In our last post we introduced Privasys Wallet, a mobile authenticator that verifies enclave attestation before your private key is ever used. And before that, we showed how WIT types flow from a deployed binary to MCP tool manifests, turning every enclave into an attested tool server.
But we left a question unanswered: once a user is authenticated, who decides what they can do?
Today we are shipping per-function authorisation for WASM applications, declared directly in WIT and enforced by the enclave runtime. No external authorisation server. No sidecar policy engine. You annotate your WIT exports, and the enclave enforces the rules at the hardware boundary.
The Problem with Bolt-On Authorisation
Authorisation in cloud applications is almost always an afterthought. You write your business logic, deploy it, and then bolt on an authorisation layer: an API gateway with route-based rules, an OPA sidecar, a middleware that checks JWTs and extracts scopes. The policy lives somewhere separate from the code it protects. It is configured by someone who may not have written the code. It drifts.
Inside an enclave, this pattern is worse than inconvenient. It is architecturally wrong.
The entire value proposition of a TEE is that the code and data inside it are protected from everything outside it, including the host, the cloud provider, and the infrastructure. If your authorisation policy is evaluated by a sidecar running outside the enclave, you have moved the trust boundary to the wrong place. The sidecar can be tampered with. The config can be swapped. The enclave has no way to verify that the authorisation decision it receives is genuine.
Authorisation for enclave workloads must happen inside the enclave. And it should be declared alongside the code, not in a separate system.

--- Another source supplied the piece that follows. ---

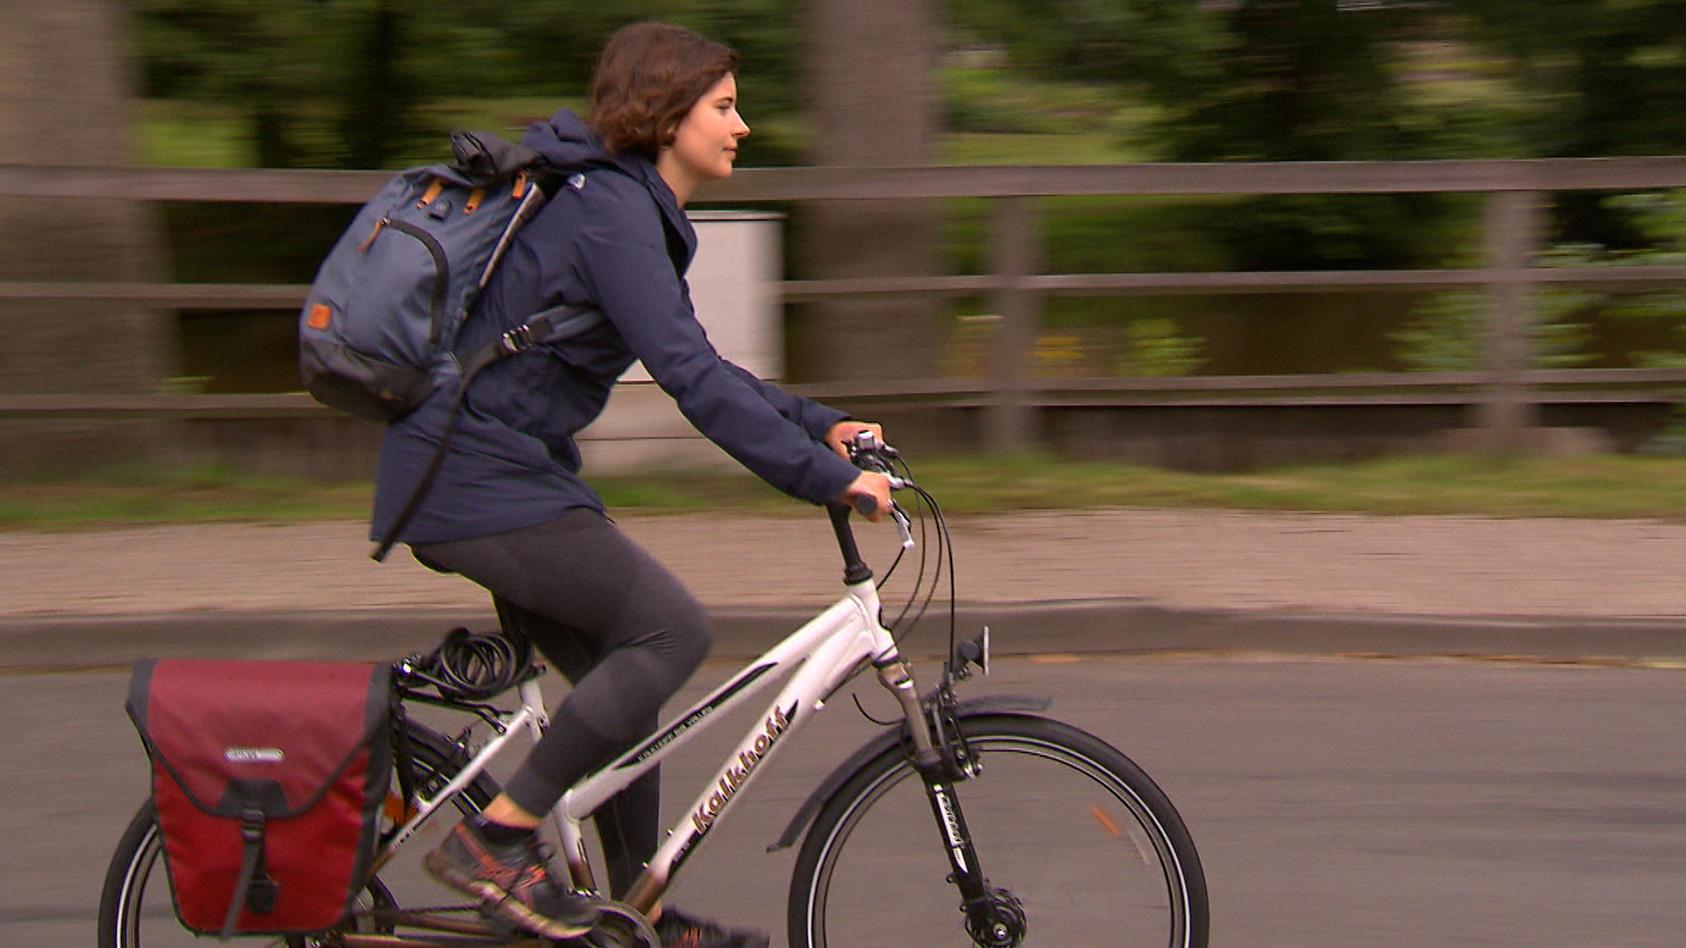 RTL Reporterin Luisa Ziegler auf Fahrradtour

@auth: Authorisation as a WIT Annotation
WIT already supports /// doc comments on exports and parameters. We showed in our MCP article how these comments become tool descriptions for AI agents. Now we are extending the same mechanism with @auth annotations that declare per-function access policy:
package privasys:medical@0.1.0;
/// @default-auth authenticated
world diagnostic {
import privasys:enclave-os/auth@0.1.0;
/// Analyse patient symptoms and return ranked diagnoses.
/// @auth authenticated
export analyse: func(
symptoms: string,
age: u32,
allergies: list<string>,
) -> result<list<diagnosis>, error-code>;
/// Return anonymised, aggregate statistics. Safe for public dashboards.
/// @auth public
export statistics: func() -> string;
/// Manage patient data retention. Restricted to compliance officers.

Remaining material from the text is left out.